First, the configuration of the fuel injection valve according to the present embodiment will be referred to 1A and 1B outlined in outline. 1A and 1B 15 are longitudinal sectional views of the fuel injection valve according to the present embodiment.

An internal combustion engine is provided with a fuel injection control device (not shown) that converts an appropriate amount of fuel into an injection timing of the fuel injection valve according to an operating state and drives the fuel injection valve that supplies the fuel.

As in 1A is shown in the fuel injection valve, for example, a movable portion 114 configured to a cylindrical movable element 102 and a needle valve 114A To include (valve body), in the center of the mover 102 is arranged. Between an end face of a fixed core 107 (Stator) having a Kraftstoffeinleitöffnung to direct a fuel to a central portion, and an end face of the mover 102 a gap is provided. An electromagnetic coil 105 (Magnetic coil) is provided, which supplies a magnetic flux to a Kraftlinienweg, which includes the gap. In other words, the fixed core 107 (Stator) is the mover 102 arranged opposite, as in 1A shown.
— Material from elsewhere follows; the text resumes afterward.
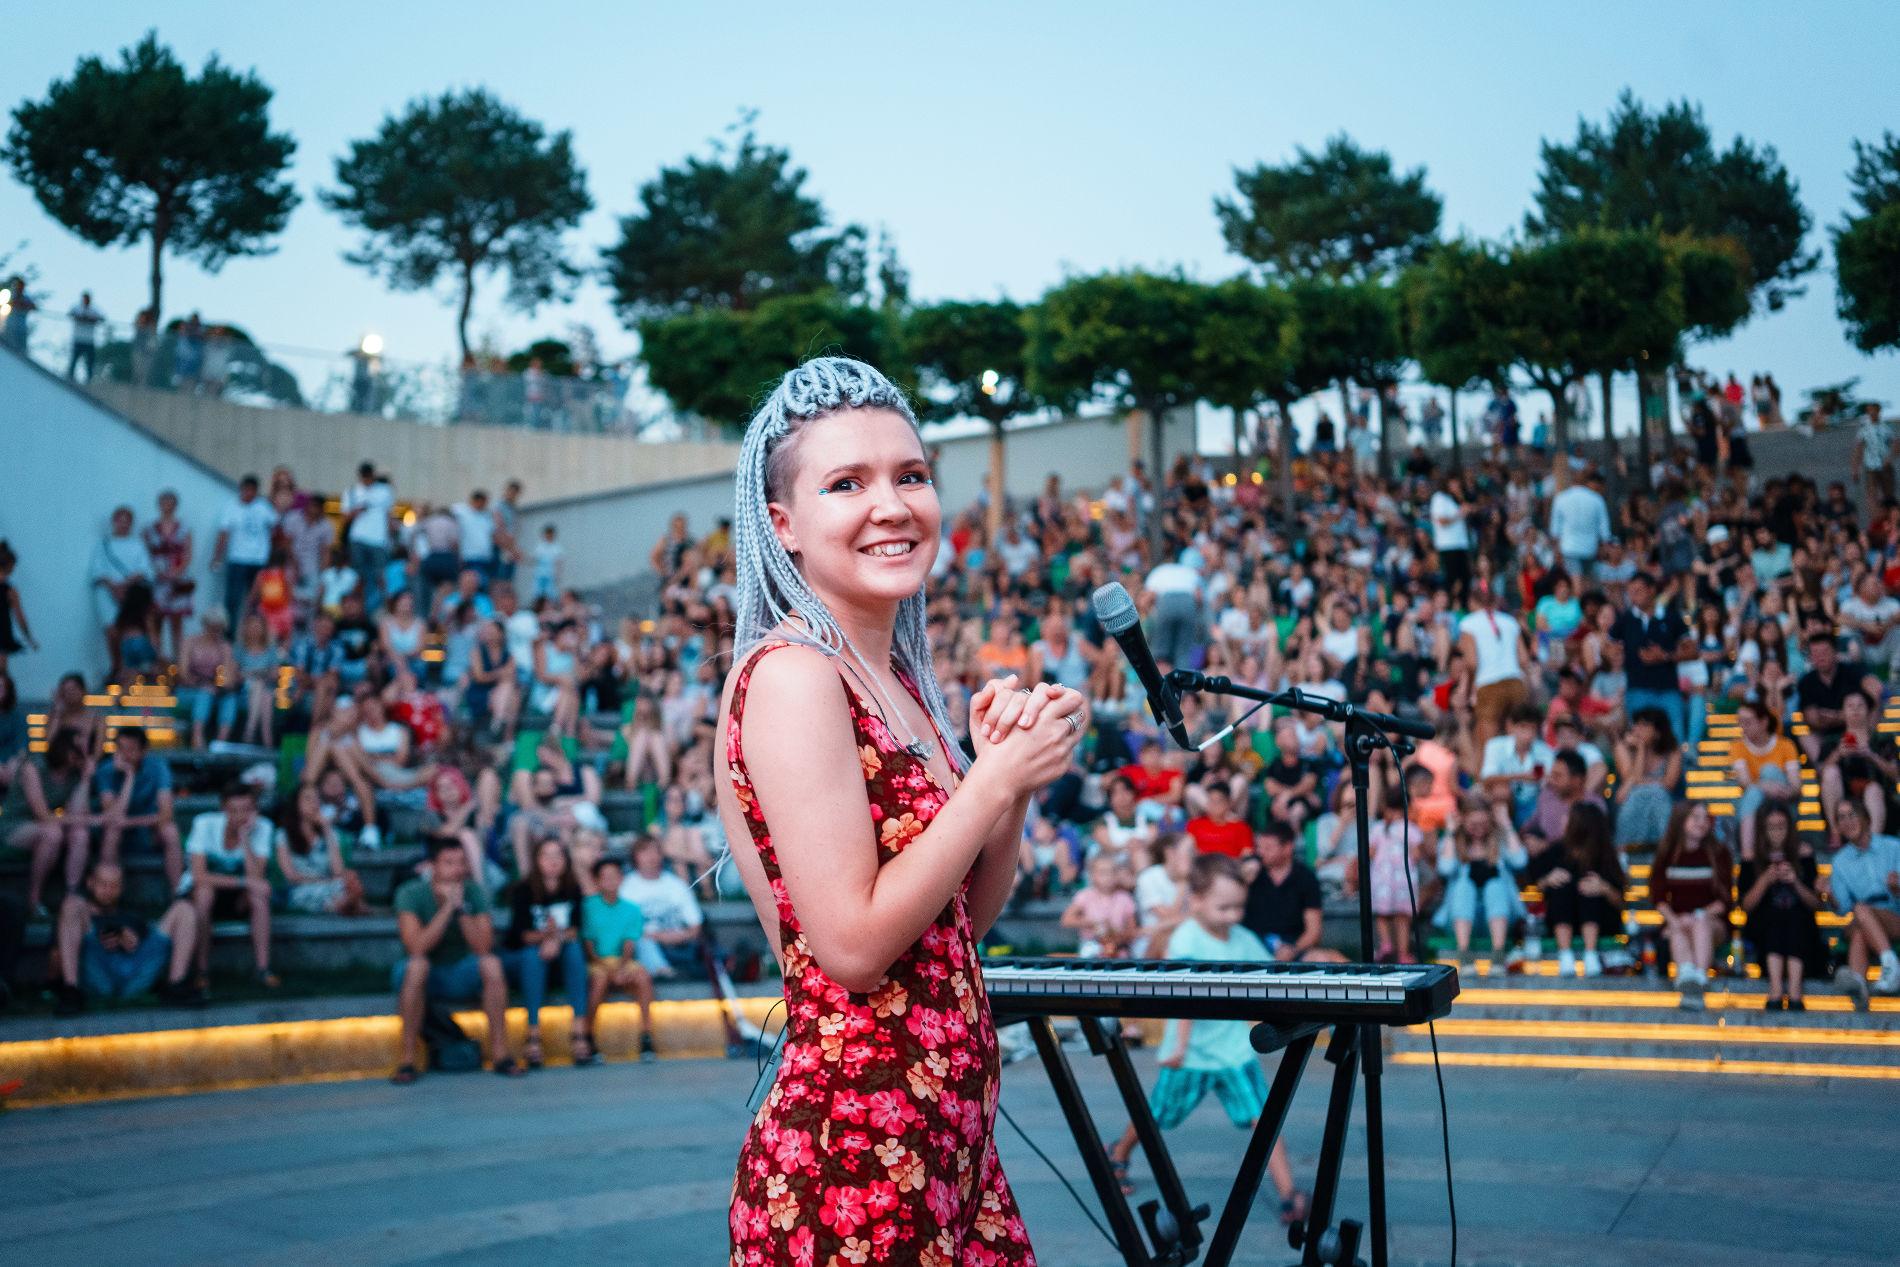 Оксана Аулова (Волуа) на концерте в парке «Краснодар» ©Фото из личного архива Оксаны Ауловой

The mover 102 is powered by the mover 102 by a magnetic attraction between the end face of the mover 102 and the end face of the fixed core 107 generated by a magnetic flux through the gap, to the side of the fixed core 107 is tightened, and the needle valve 114A is from a valve seat section 39 (Valve seat) pulled away to one in the valve seat portion 39 intended to open fuel channel. In other words, the mover 102 drives the needle valve 114A (Valve body) on.

The amount of fuel to be injected is mainly determined by a pressure difference between the pressure of a fuel and the atmospheric pressure of an injection port of the fuel injection valve and a time during which the fuel is injected and the needle valve 114A is kept in an open state.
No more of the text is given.